= Try it =
Repeat the whole listing word for word, skipping pictures.

= Data below =
'''
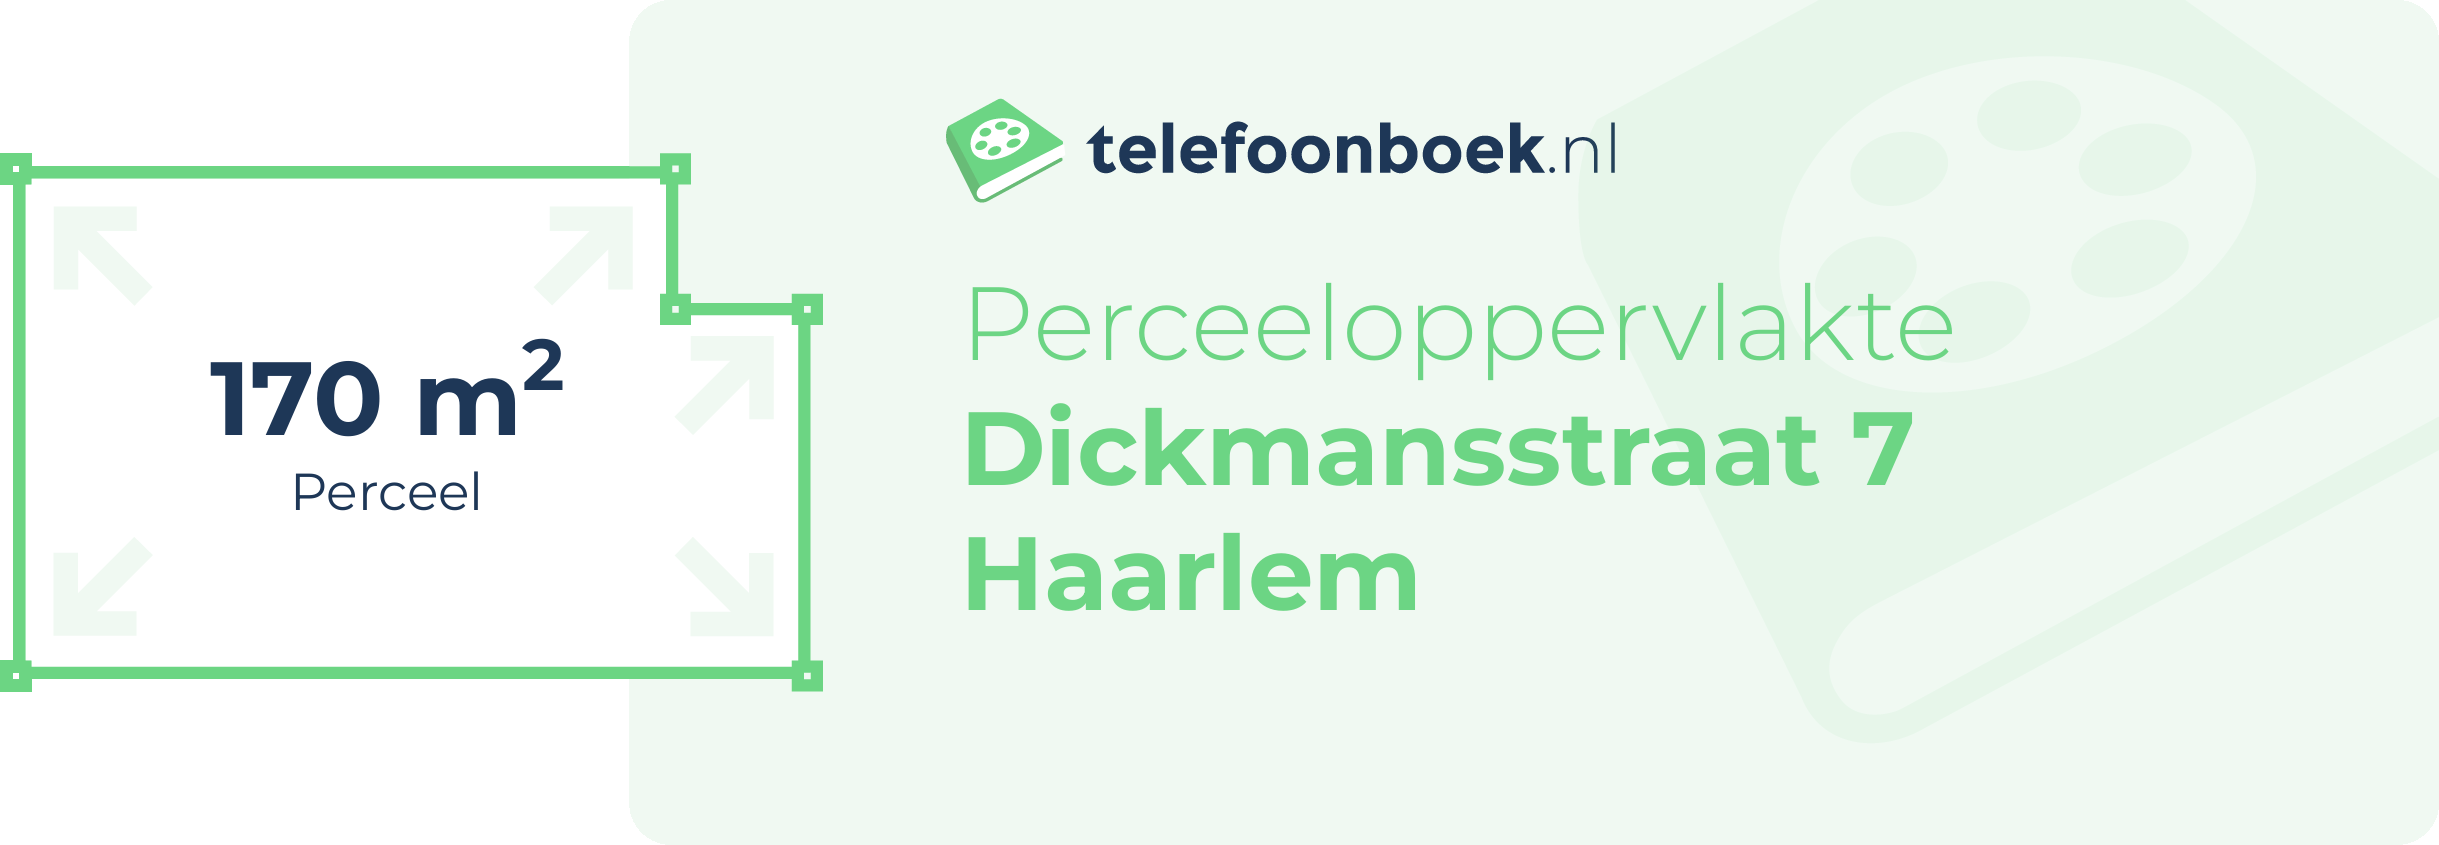 Perceeloppervlakte Dickmansstraat 7 Haarlem
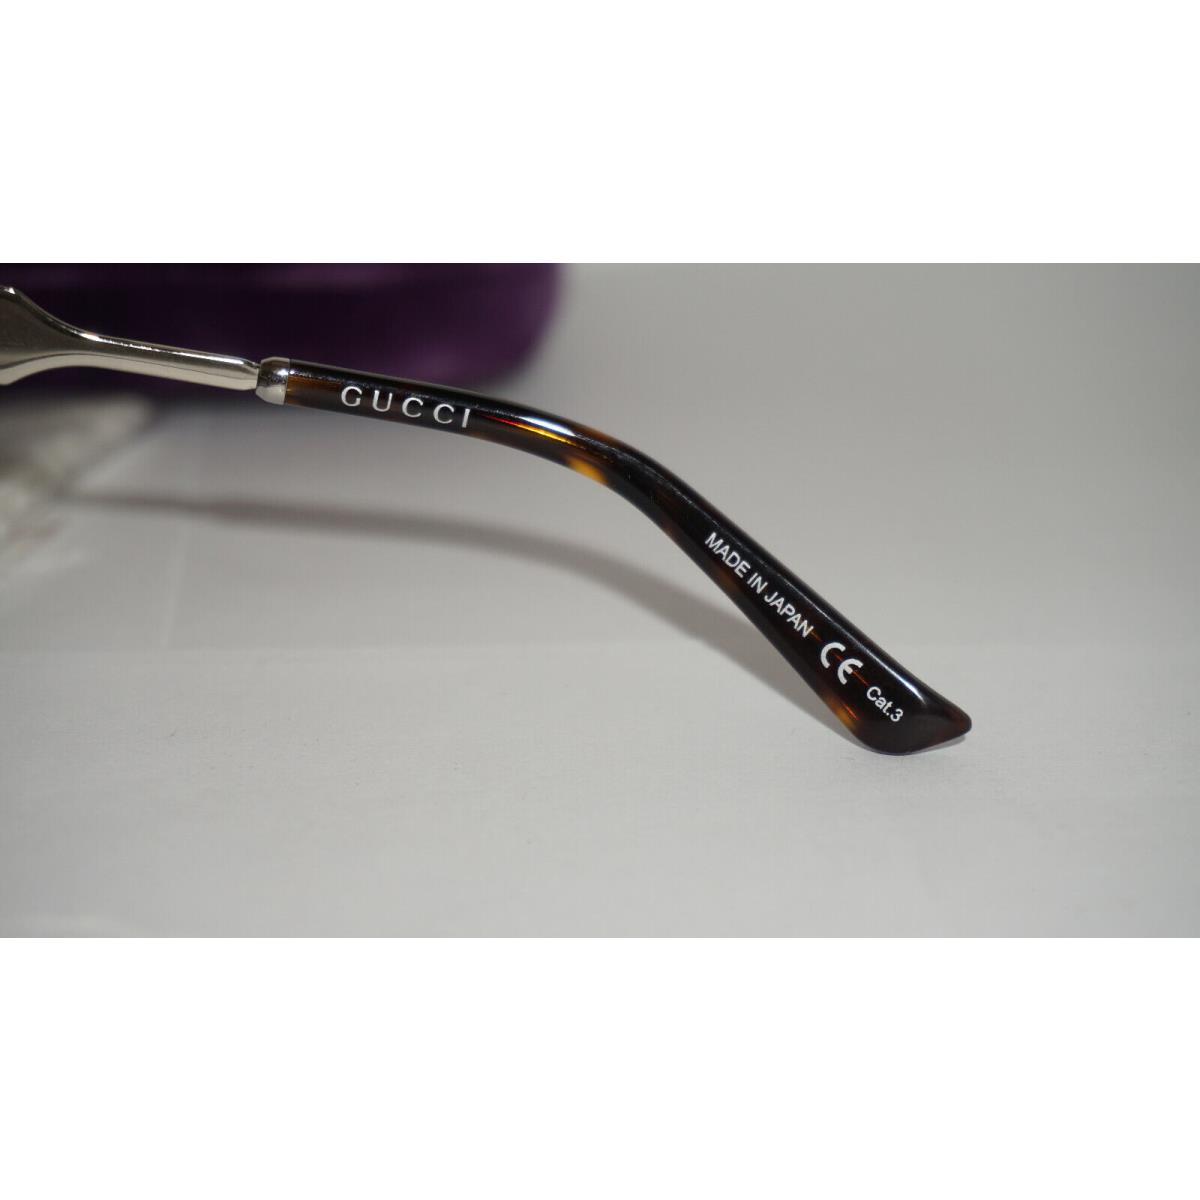 Gucci sunglasses  - Burgundy Palladium , Burgundy Palladium Frame, Grey Gradient Lens 5
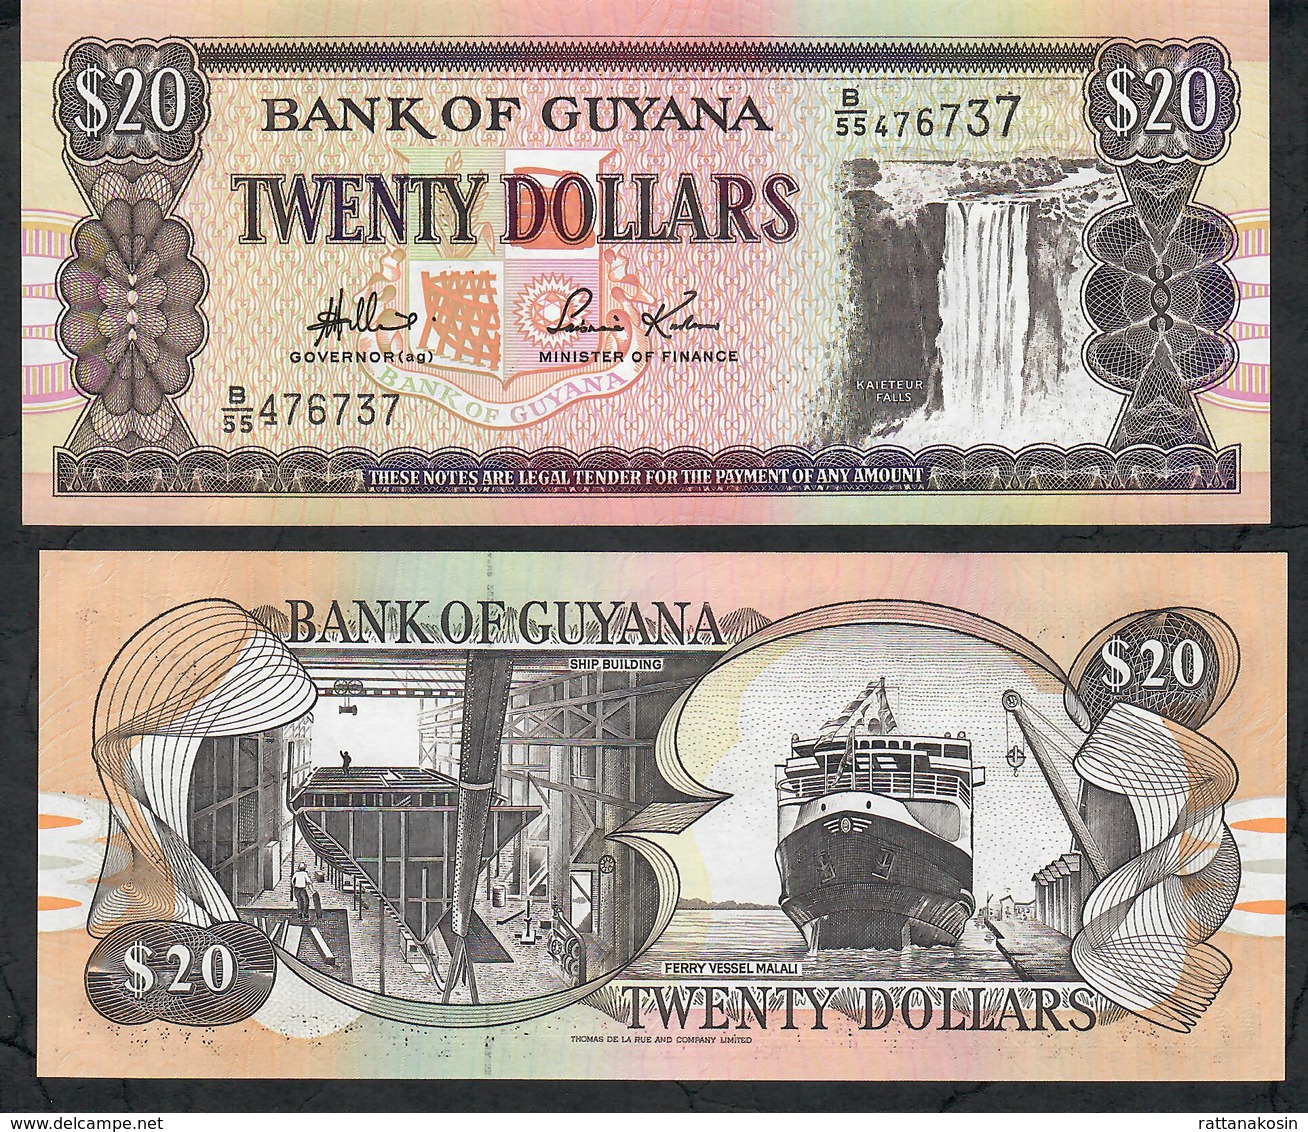 GUYANA P30d 20 DOLLARS 1996 #B/55 Signature 13 .Title :"GOVERNOR (ag) " UNC. - Guyana
'''
= Response area =
 Perceeloppervlakte Dickmansstraat 7 Haarlem
 Gucci sunglasses  - Burgundy Palladium , Burgundy Palladium Frame, Grey Gradient Lens 5
 GUYANA P30d 20 DOLLARS 1996 #B/55 Signature 13 .Title :"GOVERNOR (ag) " UNC. - Guyana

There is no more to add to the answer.